* Task *
Among the entries below, copy only the span from the line containing "Maison (Villa) à" through the line containing "traccia carbone area". Do so exactly, and skip the pictures.

Stored data Block Start

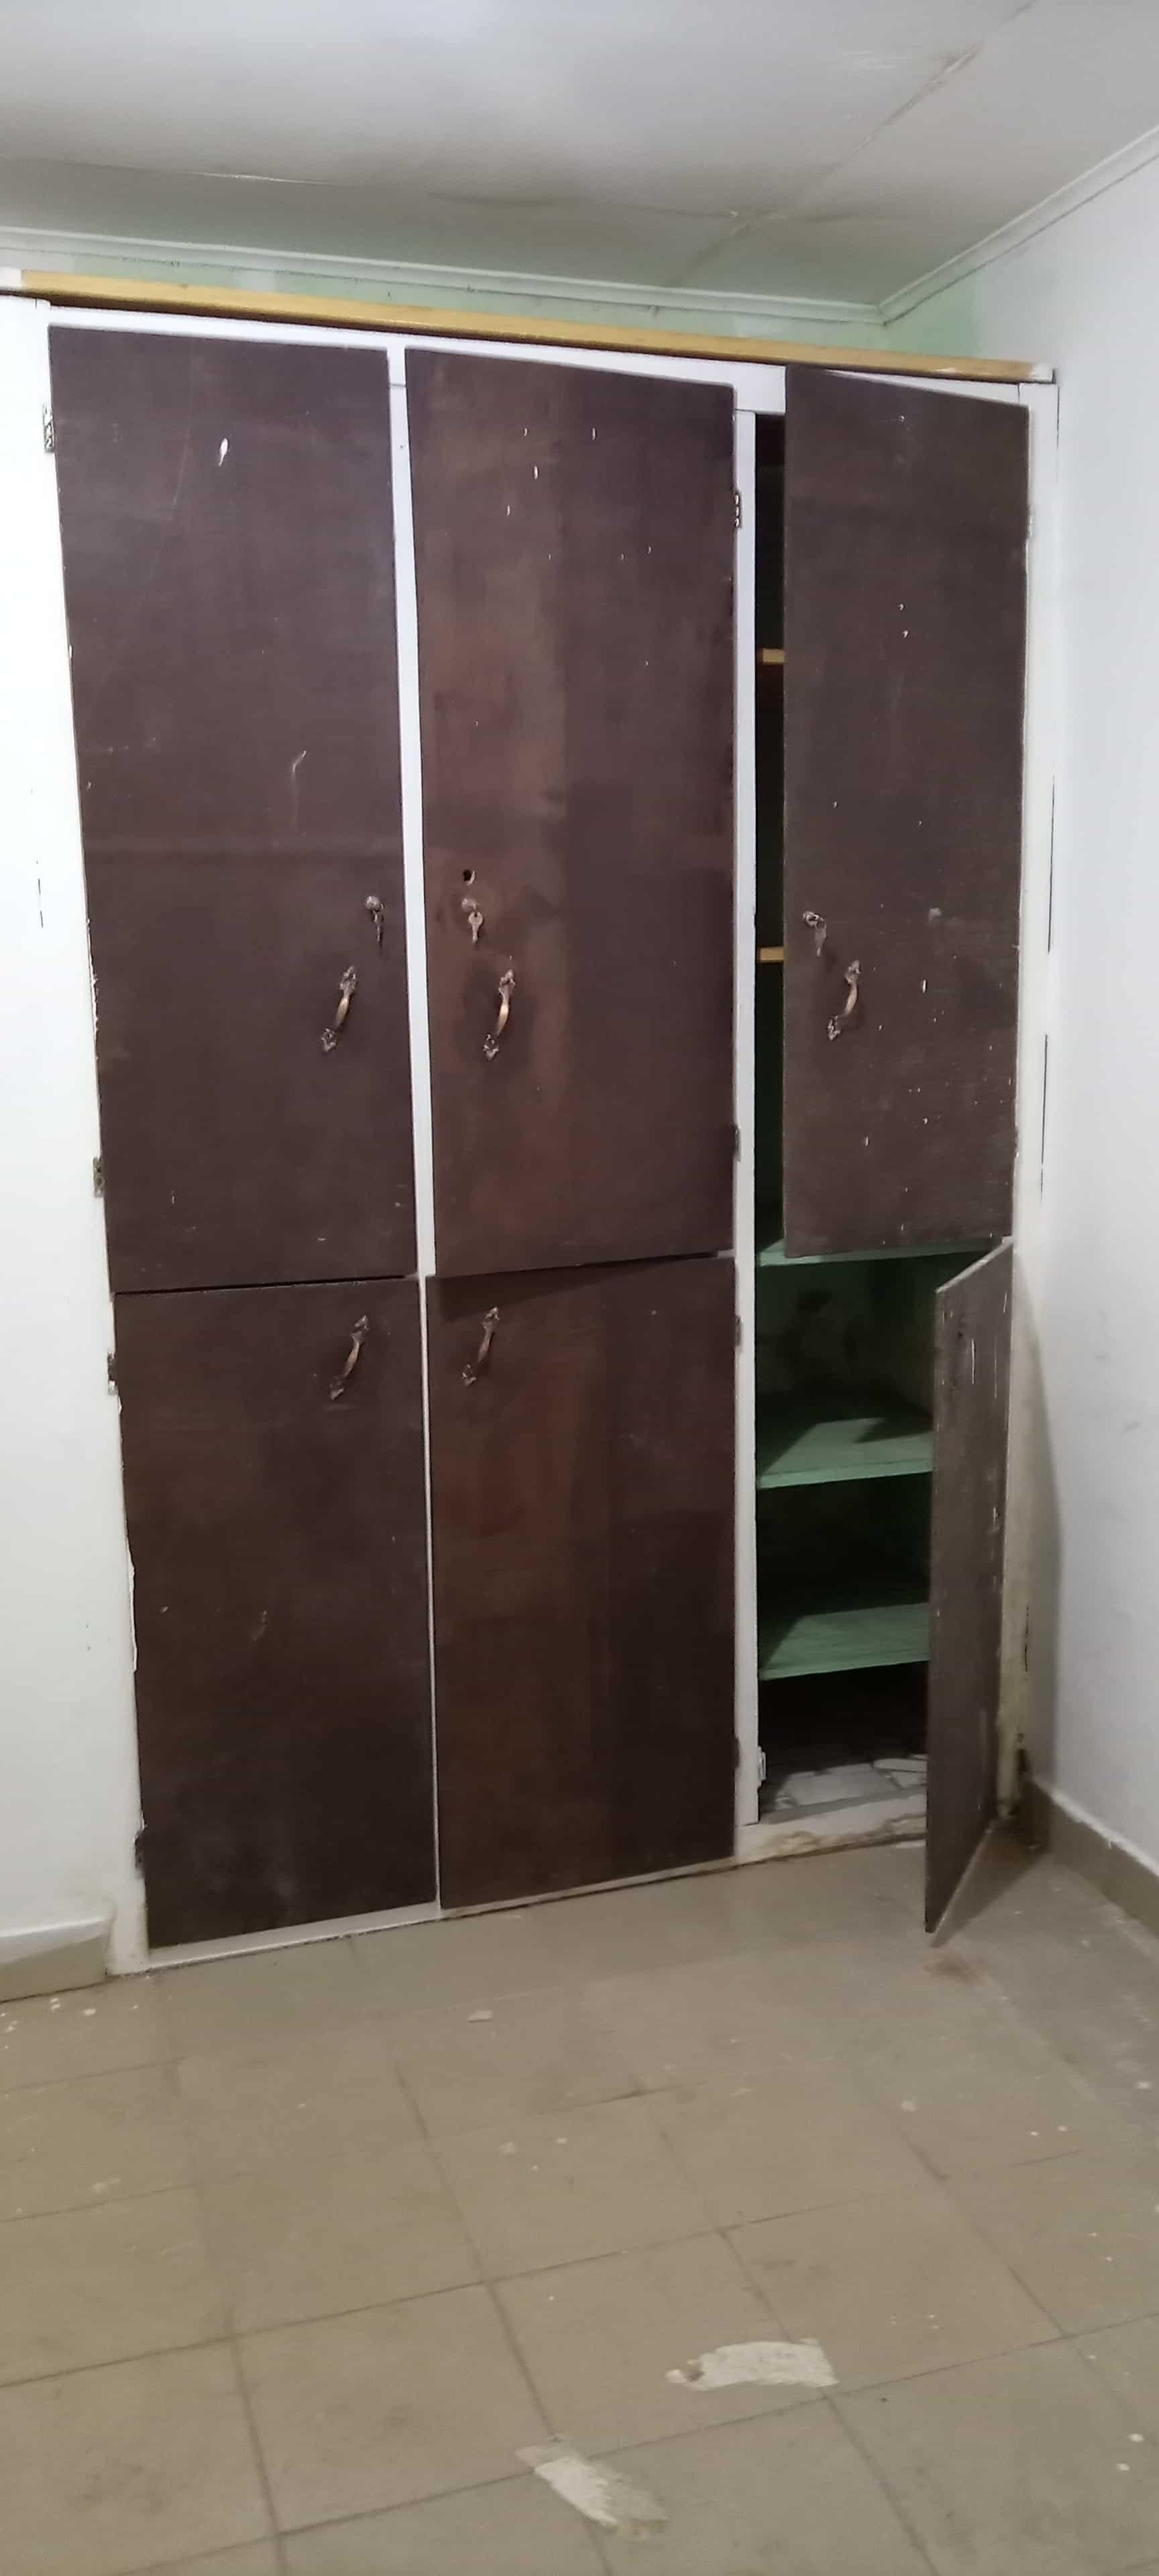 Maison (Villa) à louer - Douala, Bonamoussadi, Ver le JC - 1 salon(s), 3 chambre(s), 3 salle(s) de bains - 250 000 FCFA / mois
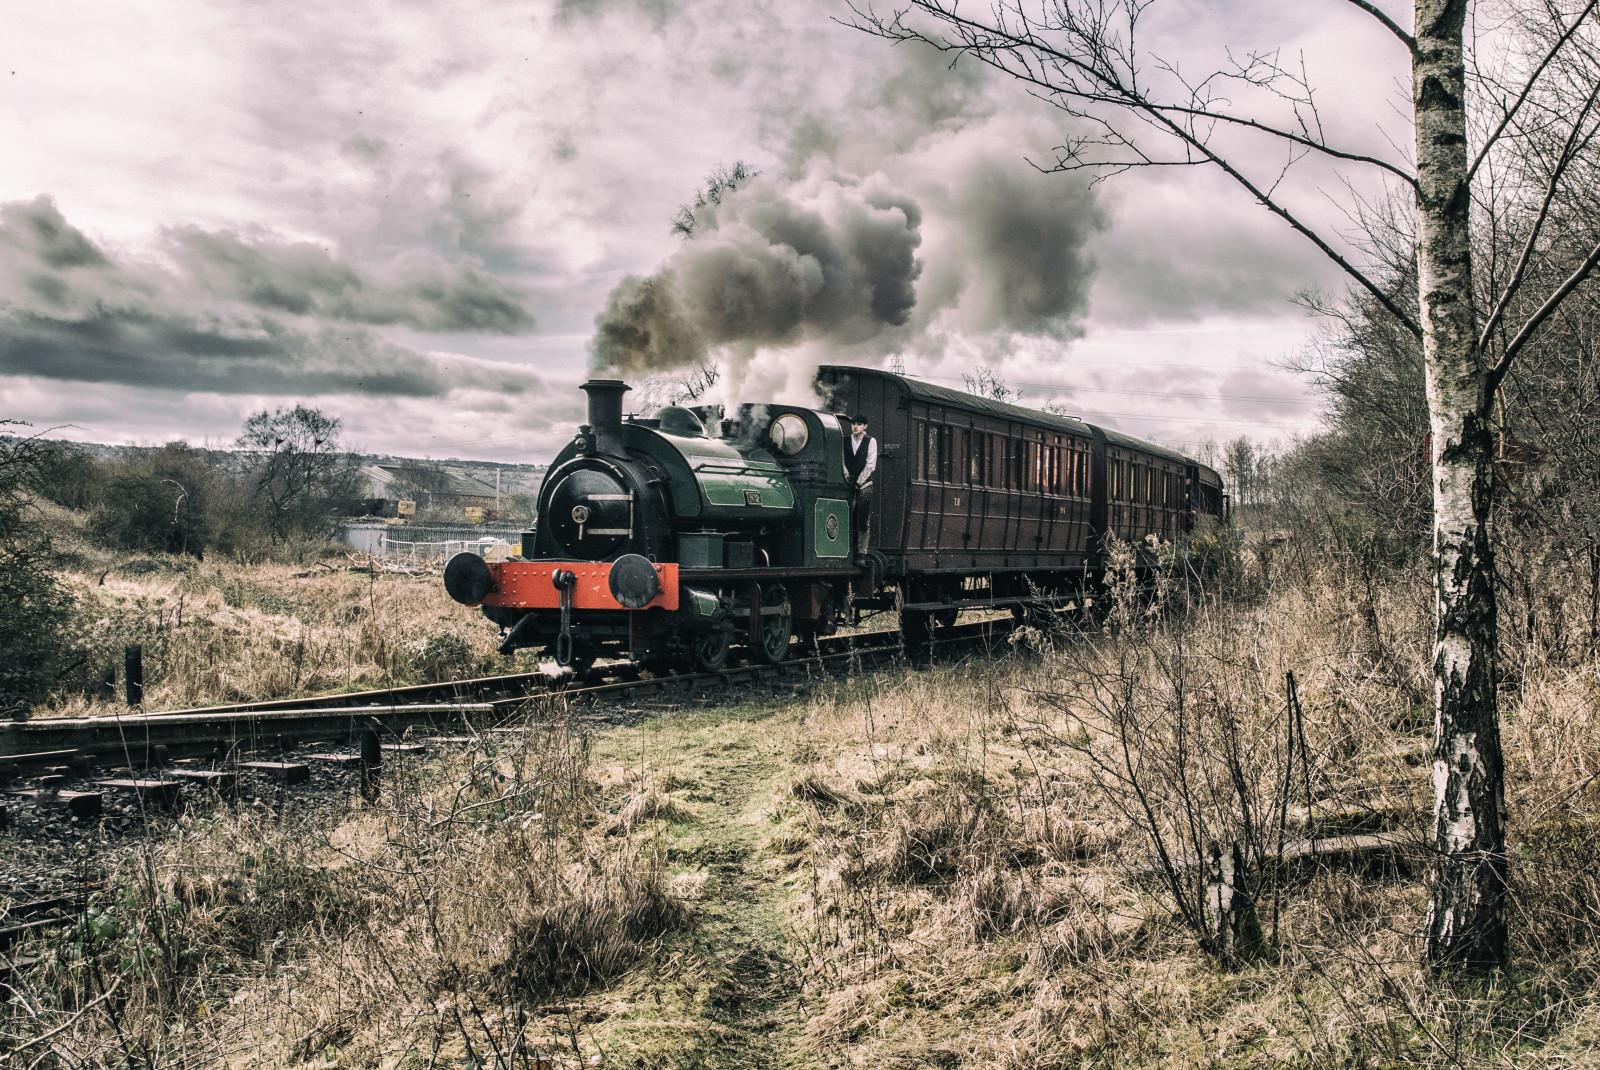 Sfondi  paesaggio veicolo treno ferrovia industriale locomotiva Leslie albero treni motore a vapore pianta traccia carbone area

Stored data Block End
Stored data Block Start

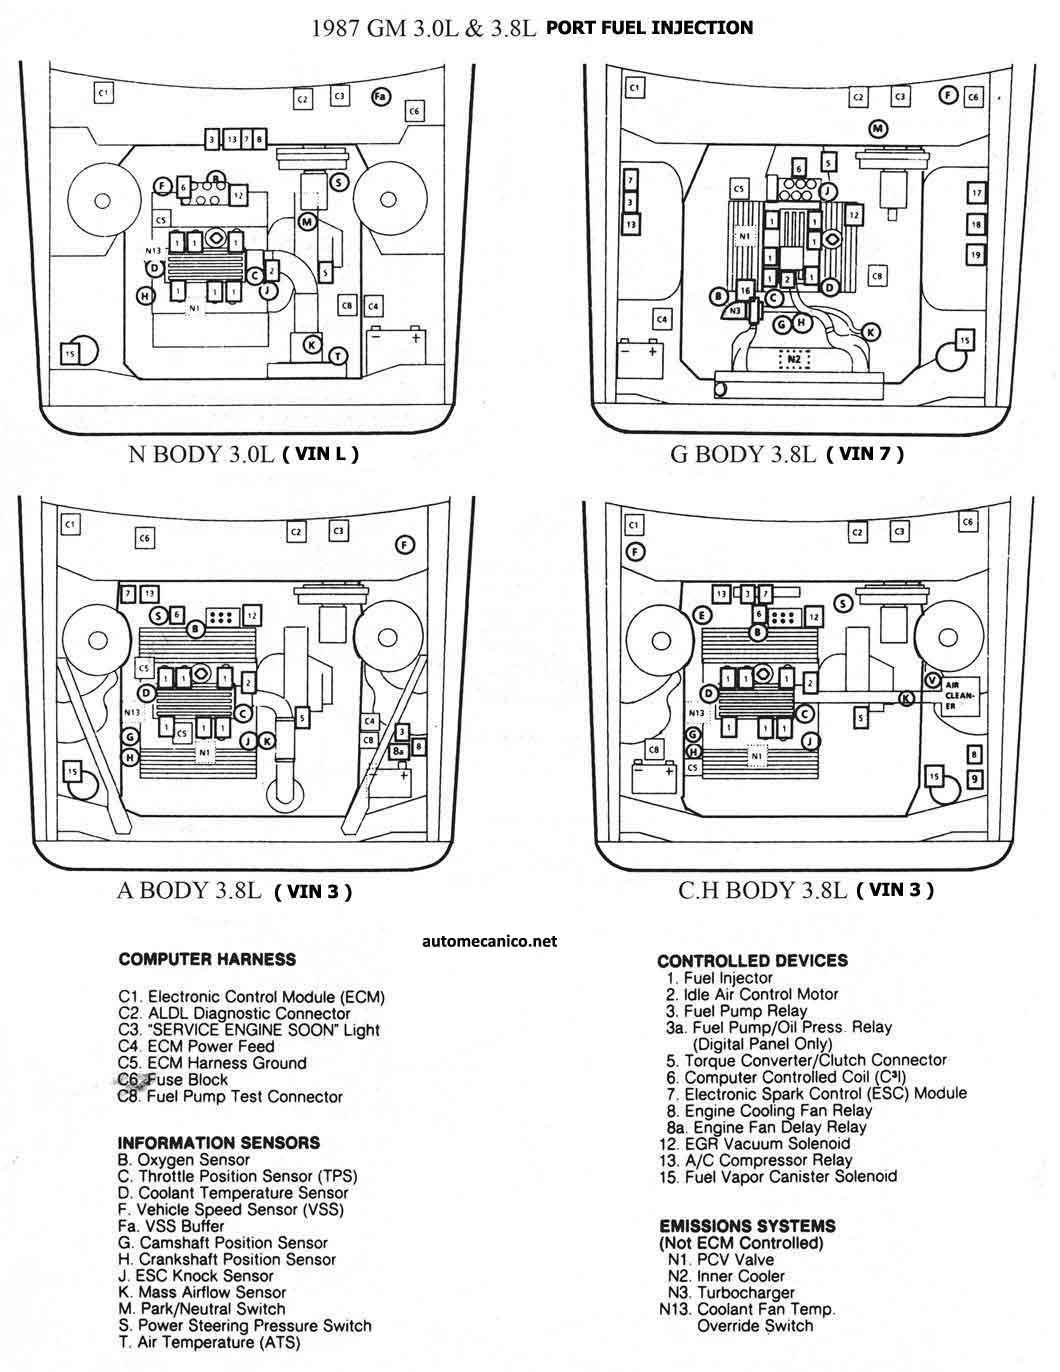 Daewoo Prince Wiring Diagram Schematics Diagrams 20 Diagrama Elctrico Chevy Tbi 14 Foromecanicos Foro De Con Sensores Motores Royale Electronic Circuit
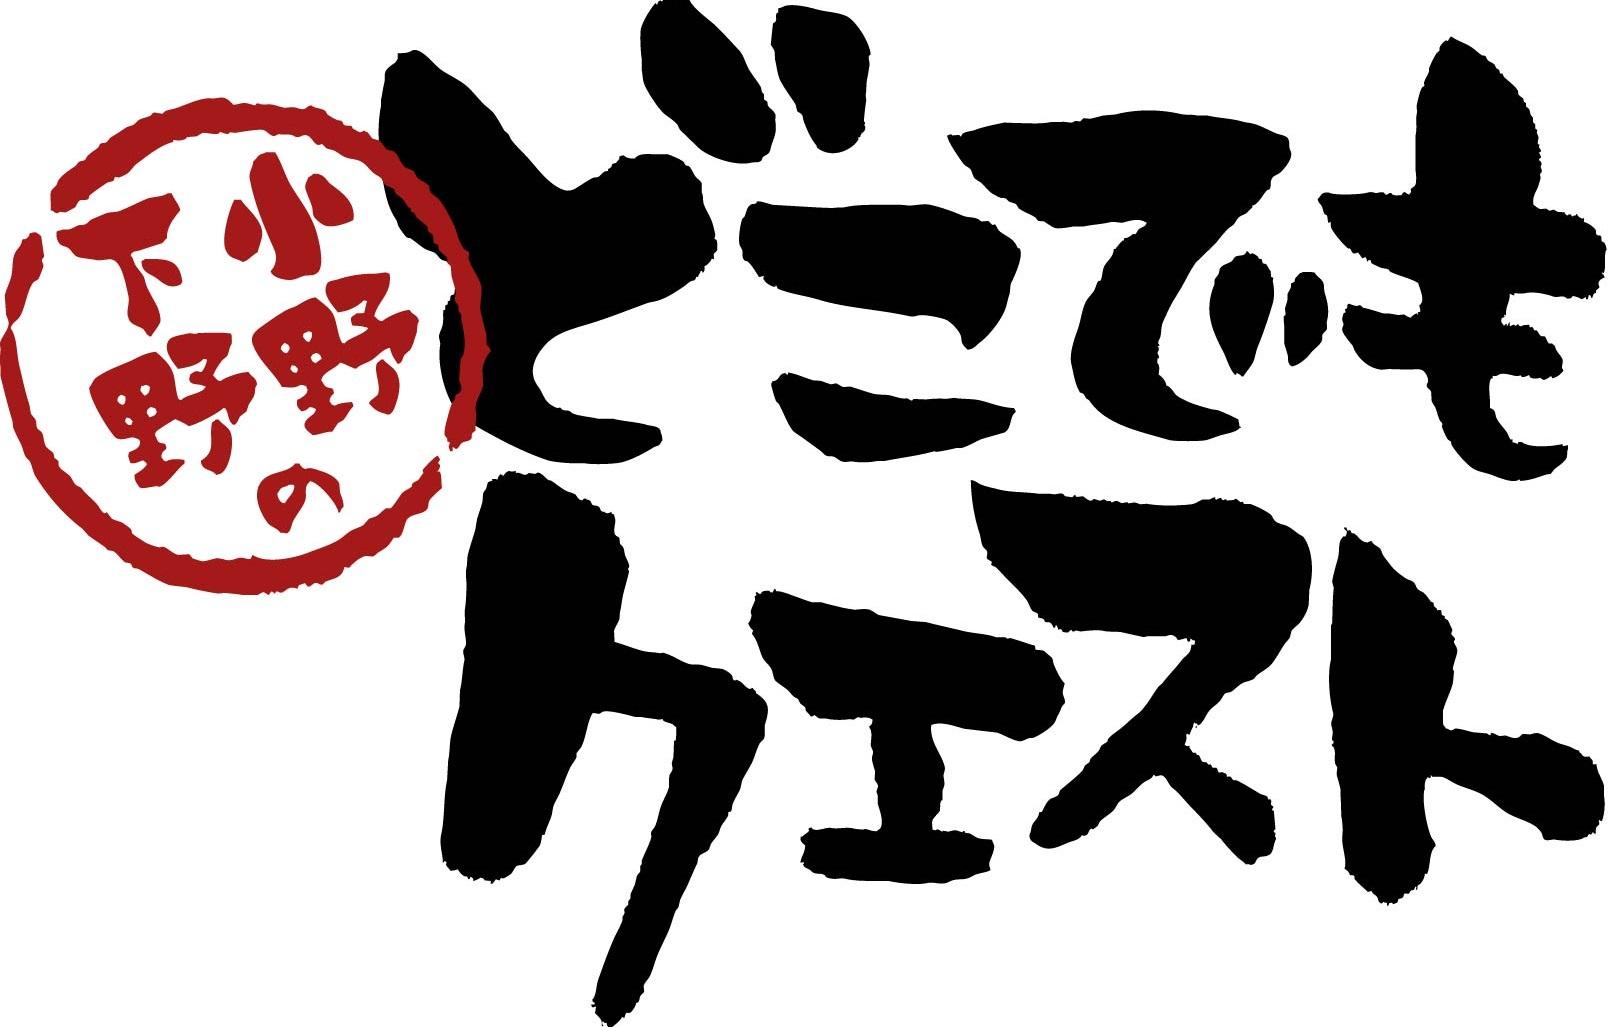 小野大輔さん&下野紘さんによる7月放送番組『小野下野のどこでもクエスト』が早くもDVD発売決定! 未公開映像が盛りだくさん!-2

Stored data Block End
Stored data Block Start

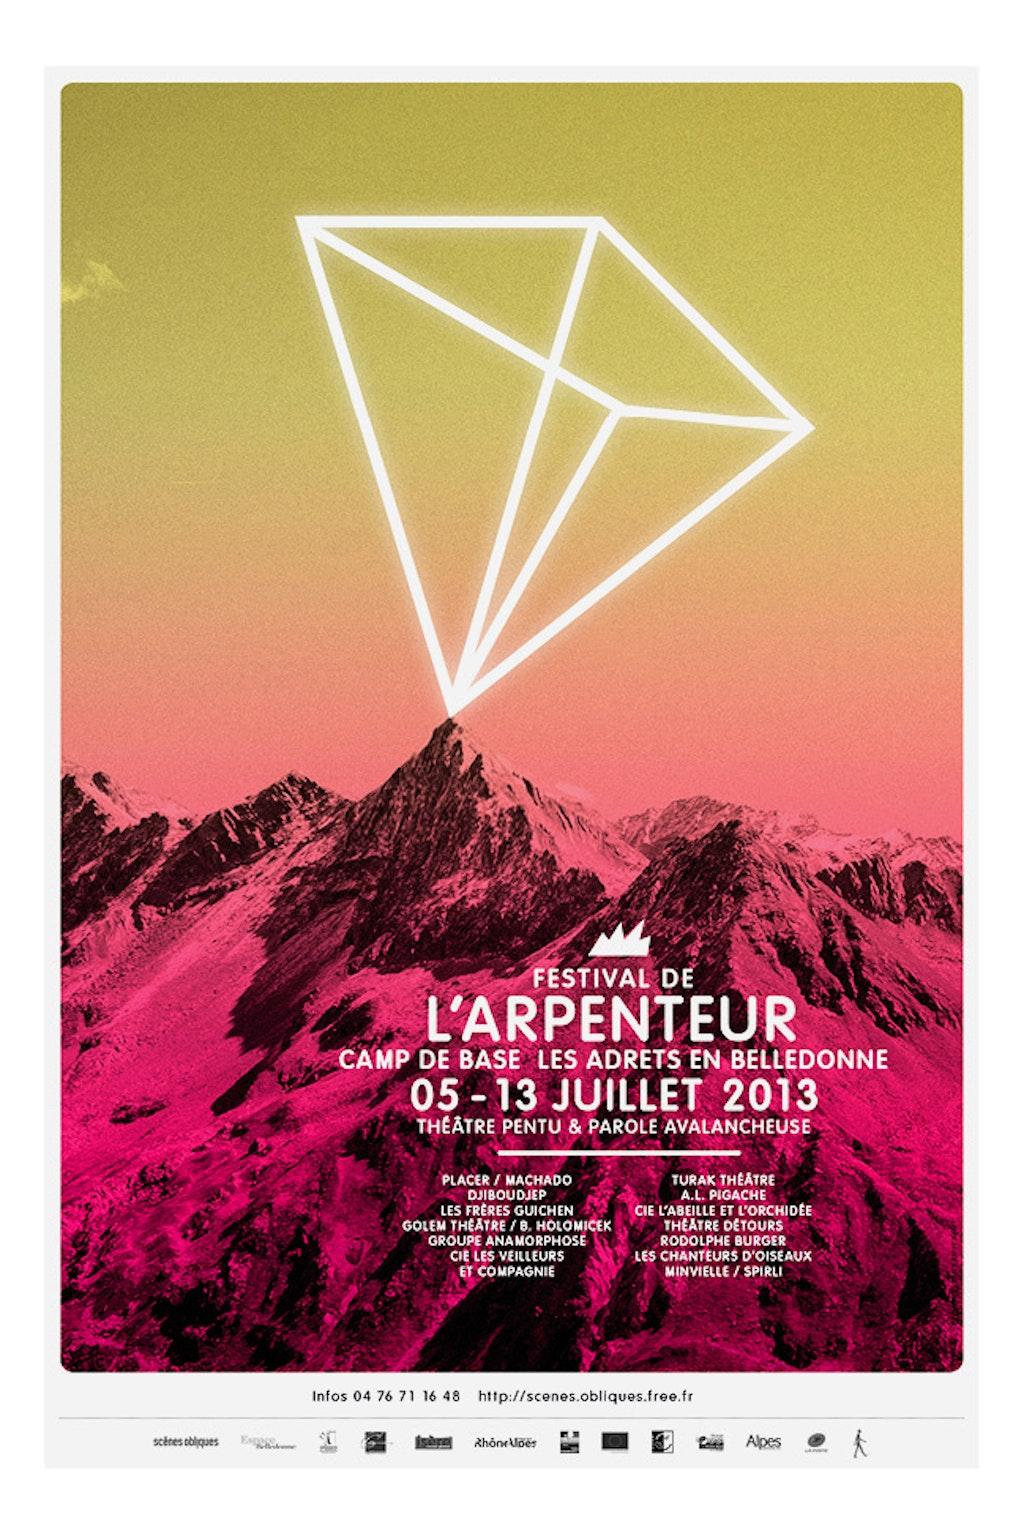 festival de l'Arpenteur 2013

Stored data Block End

* Solution to this exercise *
 Maison (Villa) à louer - Douala, Bonamoussadi, Ver le JC - 1 salon(s), 3 chambre(s), 3 salle(s) de bains - 250 000 FCFA / mois
 Sfondi  paesaggio veicolo treno ferrovia industriale locomotiva Leslie albero treni motore a vapore pianta traccia carbone area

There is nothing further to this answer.